Chip gave us run of the house, which meant to finish our cereal breakfast, pack up at our leisure, and lock up when we left. He chuckled to hear about our previous night’s civil disobedience with the protesters. In fact, he was scheduled to appear in court himself next week.
“A wee scrape with the law,” he explained, adding, “I’m not sure if I’m going to show up.” He waved and tramped down the stairway.
It took me little time to feel at home. I went directly to his stereo, found a good Chicago FM station, and got the apartment rocking. Otto joined me on Chip’s balcony for a spell of sitting and writing. We had a great view of urban activity; artists walking their dogs; cars in search of a parking space; kids bouncing a ball off a stoop, garbage collectors emptying the trash. It wasn’t hard to imagine the place as ours.
I updated my list of top ten favorite groups:
1. The Beatles
2. The Rascals
3. Sly and the Family Stone
4. ThreeDogNight
5. Rolling Stones
6. Chicago
7. Beach Boys
8. Blood, Sweat & Tears
9. Bob Dylan
10. The Doors
(Then I crumpled up the paper. After all, the Beatles had broken up.)
“How’s your beard coming along, man?”
“She’s fillin’ in nice.” Otto stroked barely discernible reddish fuzz under his chin. I rubbed my own shadow. Our beard contest was in full swing. Deep within our friendship, a rivalry still remained.
When we absorbed everything we could at the apartment, we used Chip’s instructions and headed out to I-94. Many times we flashed back to our sumptuous kissing with Paula and Theresa in Indiana and jostled over who was the bigger stud. We agreed to another contest: Tally who got the most girls on the trip.
“One-one, right? That’s our starting handicap. You had Theresa. I had Paula. One kiss minimum. No cheating.”

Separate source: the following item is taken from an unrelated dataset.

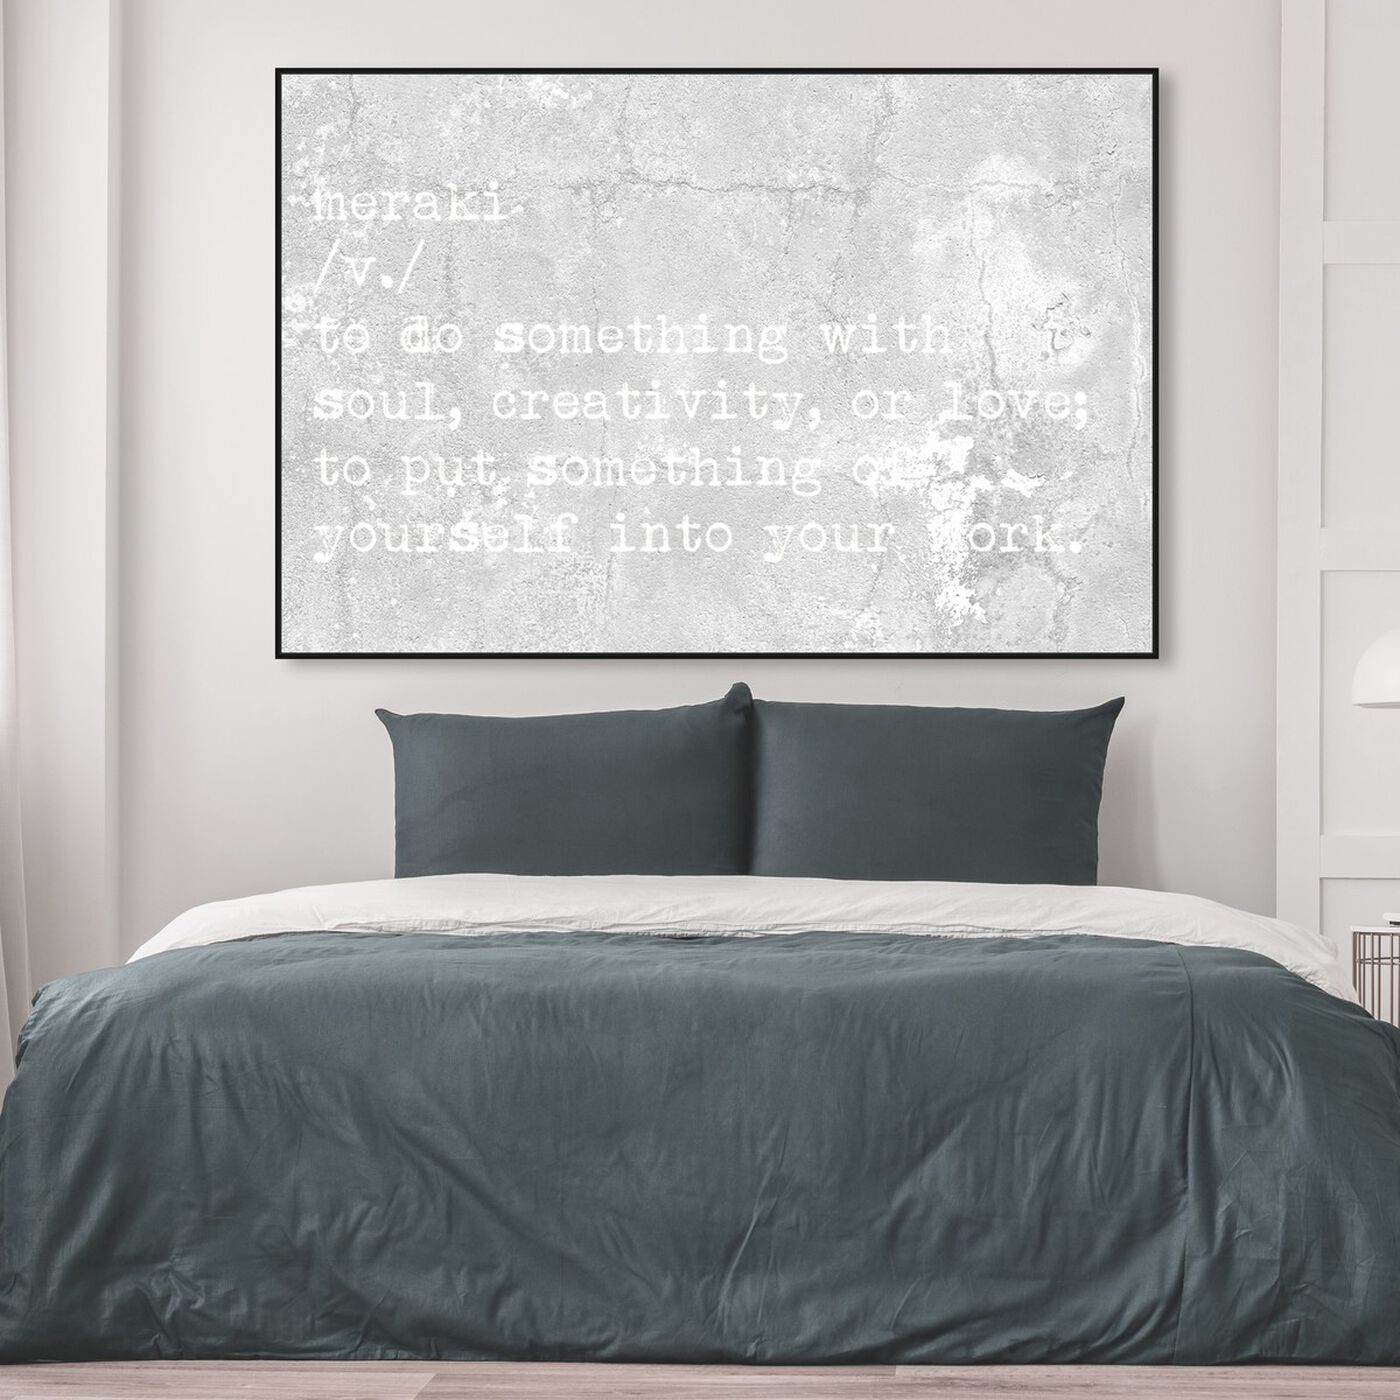 Hanging view of Meraki featuring typography and quotes and motivational quotes and sayings art.

“Even par, I’m game.” Otto nodded. “But let me tell you, sons, you’re gonna be lickin’ your wounds by the time we get home. Makin’ romance with the fair sex is this kid’s forte.”
“We’ll see about that!”
One of our rides out of downtown was with a driver who looked like Stevie Wonder, with whom we talked about jerk chicken and soul food recipes.
An air conditioner installer, who said he lived “a block away from 80,” was good to his word. This area of Cook County, southwest of Chicago, was faceless, homogeneous, wall-to-wall developments built cheaply over fields and woods. It lent weight to another one of my Roger Winans mottos, “Give me city or give me country, but a subdivision—never!”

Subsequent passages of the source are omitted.